Morocco has the second-largest non-oil GDP in the Arab world. In the past, Morocco relied on phosphate exports, which has declined over the recent years. The country has now emerged as an exporter of manufactured and agricultural products and its popularity as a tourism destination is growing.
Morocco Trade: Overview
Morocco's trade is based on various free trade agreements that the country has signed with its principal economic partners.
Some of these are:
• The Euro-Mediterranean free trade area agreement with the European Union (EU). The objective of this agreement is to integrate the European Free Trade Association.
• The Agadir Agreement, which was signed with Egypt, Jordan and Tunisia, within the framework of the Greater Arab Free Trade Area.
• The US-Morocco Free Trade Agreement came into force on January 1, 2006.
• The agreement with Turkey for free exchange.

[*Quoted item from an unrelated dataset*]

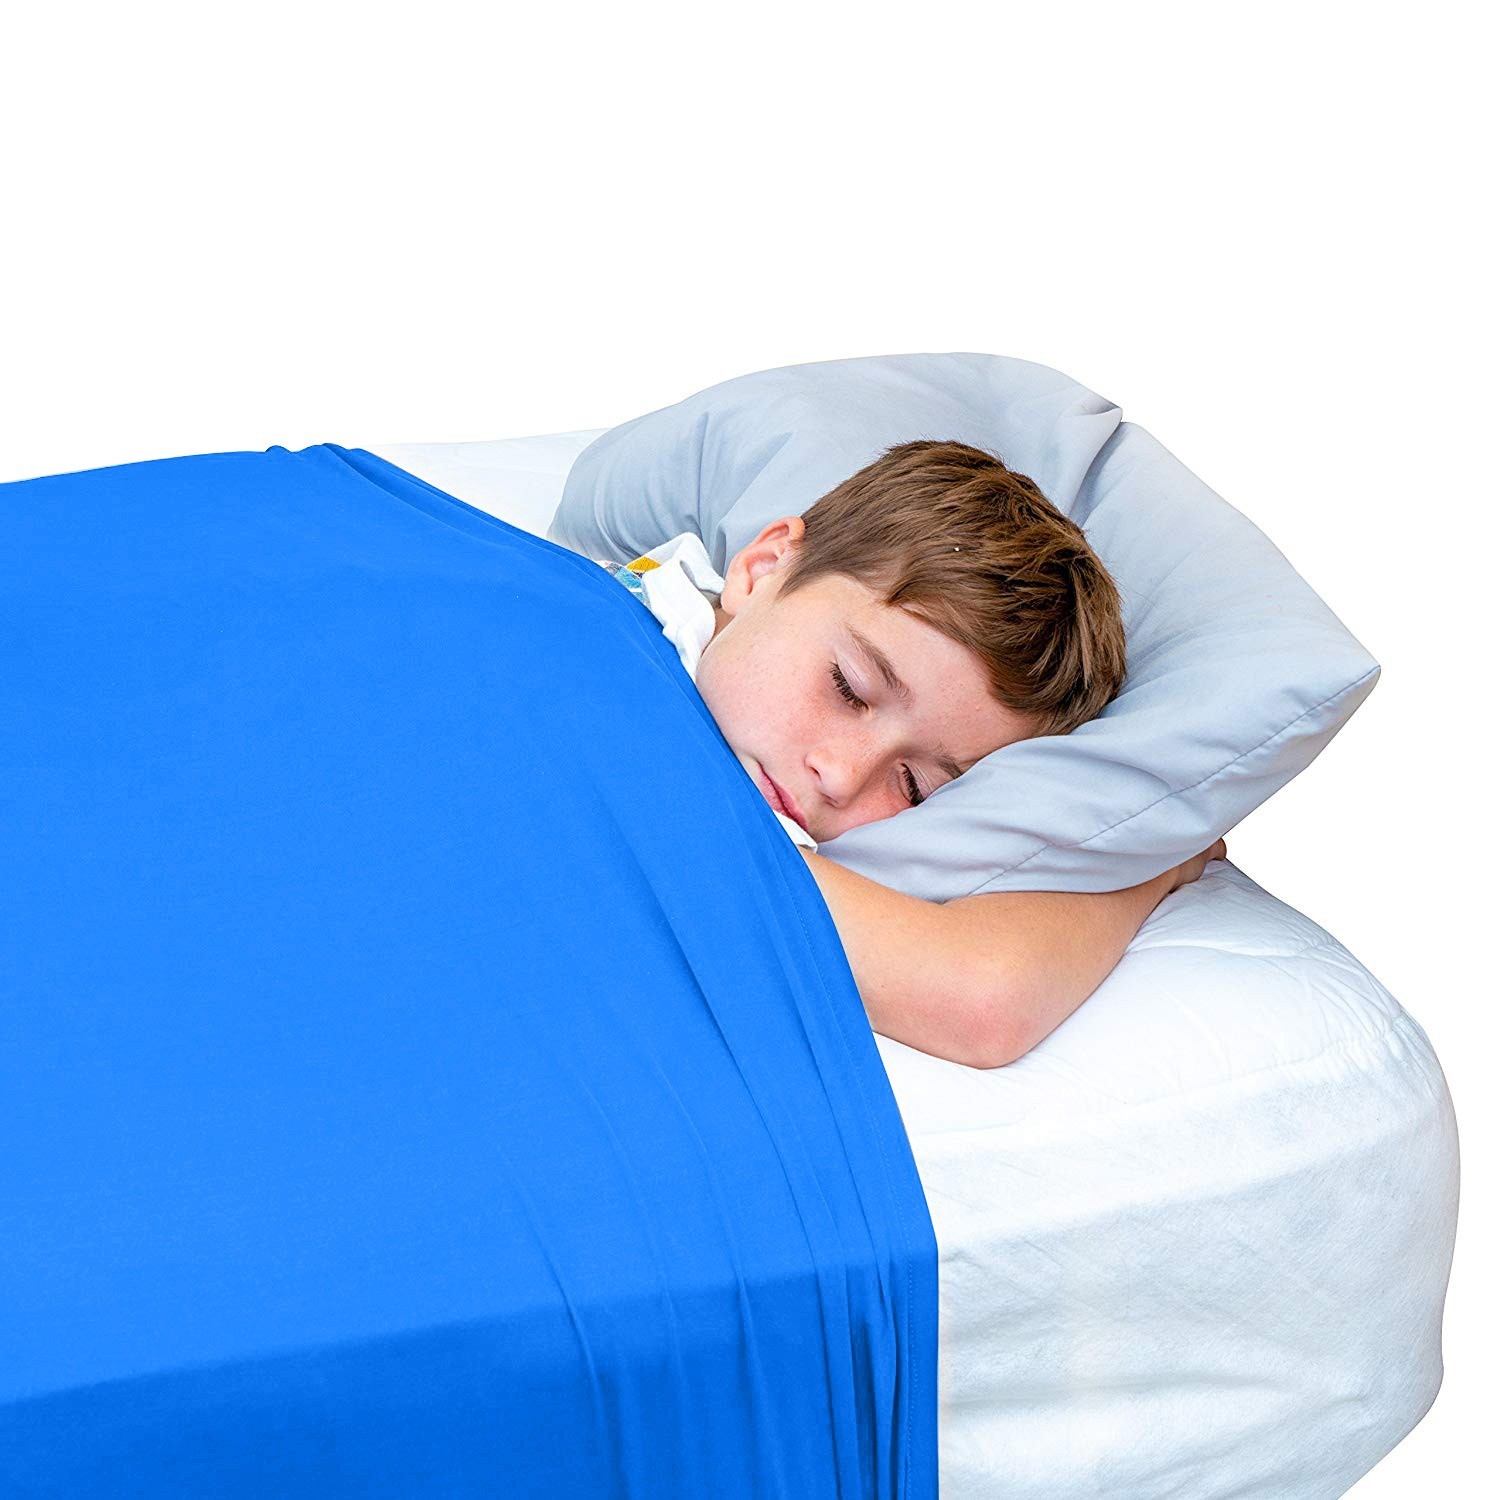 Alternative to Heavy Weighted Blankets TOPARCHERY Sensory Compression Bed Sheet for Sinlgle Bed Mattress Single, Blue Stretchy Breathable Firm Pressure for Calming & Relaxing Sleep

Morocco Trade, Exports and Imports
Morocco’s trade was drastically affected by the global recession. While exports totaled $20.17 billion in 2008, they were reduced to $15.61 billion in 2010.
• Clothing and textiles
• Transistors and Electric components
• Crude minerals and Inorganic chemicals
• Petroleum products and Fertilizers (including phosphates)
• Citrus fruits, Vegetables, Fish
Morocco’s export partners are; Spain (19.2%), France (17.6%), Brazil (7.1%), US (4.5%), Belgium (4.5%) and Italy (4.3%).
Imports to Morocco totaled $31.83 billion in 2010; however fell from $39.35 billion in 2008.
• Crude petroleum
• Textile fabric
• Telecommunications equipment
• Gas and electricity
• Transistors and Plastics
Morocco’s import partners are; France (16.1%), Spain (13.5%), Italy (6.5%), China (6%), Germany (5.6%), Saudi Arabia (5.4%) and Moldova (5%).
Morocco’s primary trade partner continues to be France. France is also the primary creditor and foreign investor for Morocco.